# Thread wrapped blank called Watchmakers Boxes



## Ted Sachs (Oct 30, 2015)

Instead of putting the boxes from the 3D picture John posted with them on the blank with it laying down on its side, I turned it so that they look like boxes when the pen is in the vertical like a pen is supposed to be. I ran out of my dark green thread so I'll have to finish it in the morning after going to get more thread.  Here's what it looks like so far at least.


----------



## Skie_M (Oct 30, 2015)

Lookin very nice!


----------



## Ted Sachs (Oct 30, 2015)

Thank you Skie. Do you see the boxes in 3d?  My wife can't see them at all but I do.


----------



## Skie_M (Oct 30, 2015)

Tell her to squint a little while she looks at it ... sometimes people can't make out a 3D image in a 2D surface without it being a little blurry or out of focus.


----------



## Ted Sachs (Oct 30, 2015)

Will do. I see it fine as can be.  I just had to accept John's challenge from the other day. Just had to wait until I finished the red dragon skin.


----------



## Charlie_W (Oct 30, 2015)

Great work there Ted! 
And yes, I see the boxes. Your color shading really gives them depth!

My Wifey is a quilter and did a tumbling blocks quilt.
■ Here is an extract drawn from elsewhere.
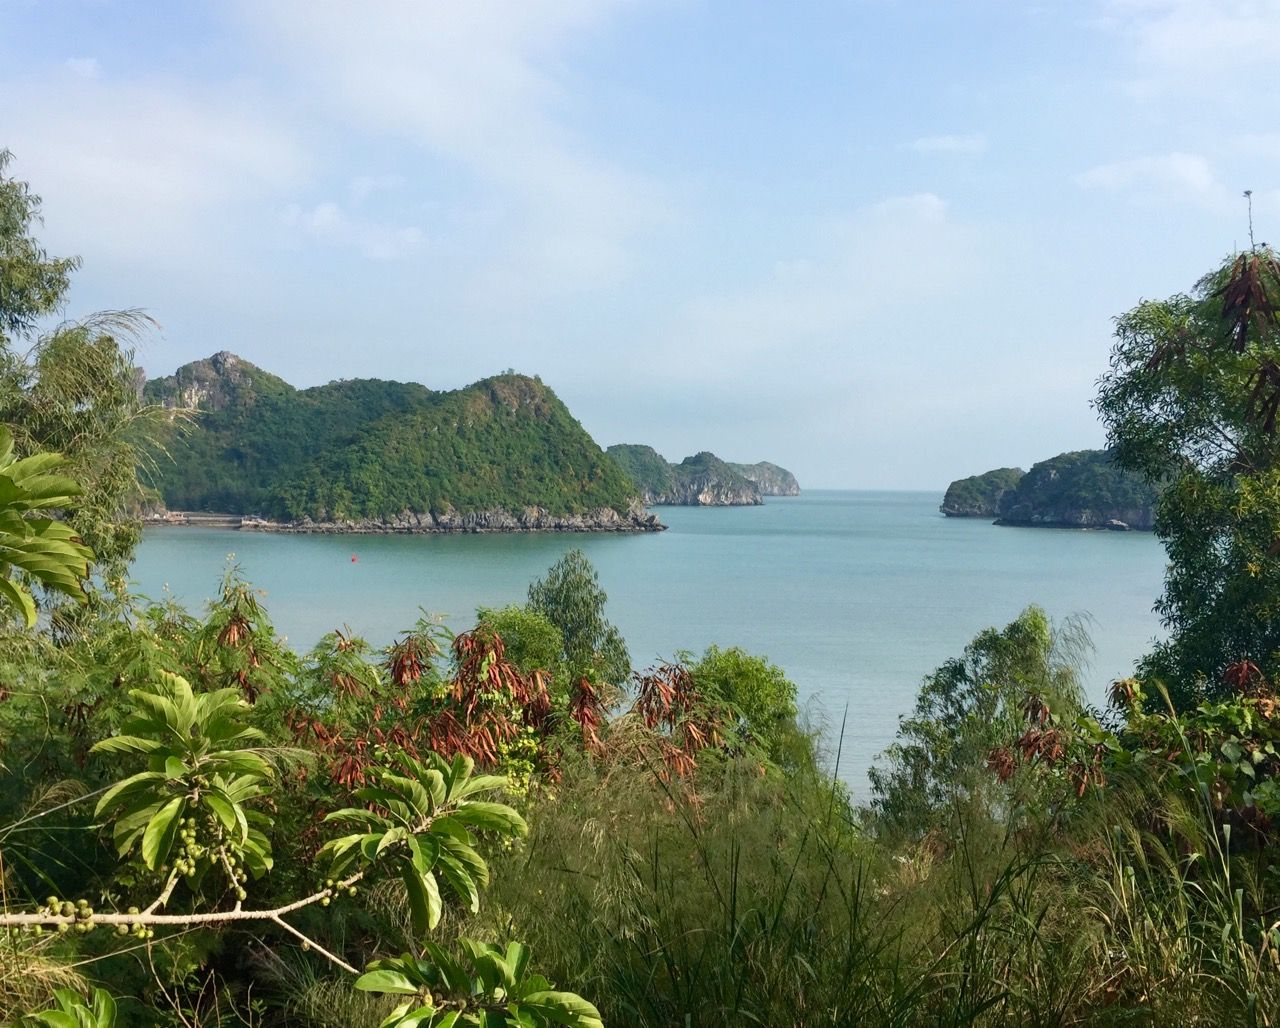 View of Cat Ba Harbor from higher ground.

The design You perceive changes depending on your focus area. Inverting the quilt gives a totally different affect.


----------



## jttheclockman (Oct 30, 2015)

Ted, looks good and yes I see them very clearly. This will look even better when it has the epoxy on it. I had no doubt that you could do it I always liked the color green. Well done. Can't wait to see what you come up with next.


----------



## magpens (Oct 30, 2015)

Beautiful work, Ted !!! . The boxes are perfectly clear and I love the colors.


----------



## Ted Sachs (Oct 30, 2015)

Thanks y'all.  I've got a couple of patterns that will blow y'alls mins that I'll be wrapping this weekend on some tubes for Zen pens.  Roy was nice enough to send me a bunch of tubes for the Zen.  These will be sent back and I imagine they will sell quick with the patterns I picked for them.


----------



## Ted Sachs (Oct 31, 2015)

Finished the wrapping on it and got some epoxy on.  It should be ready to cast tomorrow late.


----------



## Skie_M (Oct 31, 2015)

Lookin real nice!


----------



## stuckinohio (Nov 1, 2015)

This is a very cool technique! Nice Work.


----------



## Ted Sachs (Nov 2, 2015)

Thanks y'all.  There are still a few things that I'm still working out but I'm slowly getting there with this.


----------



## BSea (Nov 2, 2015)

That is so cool looking.  I can easily see the boxes.


----------



## Bob Wemm (Nov 4, 2015)

Ted, that is magic, the epoxy really brings out the boxes.
Your work is stunning.

Bob.


----------



## Ted Sachs (Nov 4, 2015)

Thank you Bob. It's all in fun trying to work out these patterns to work on pens.


----------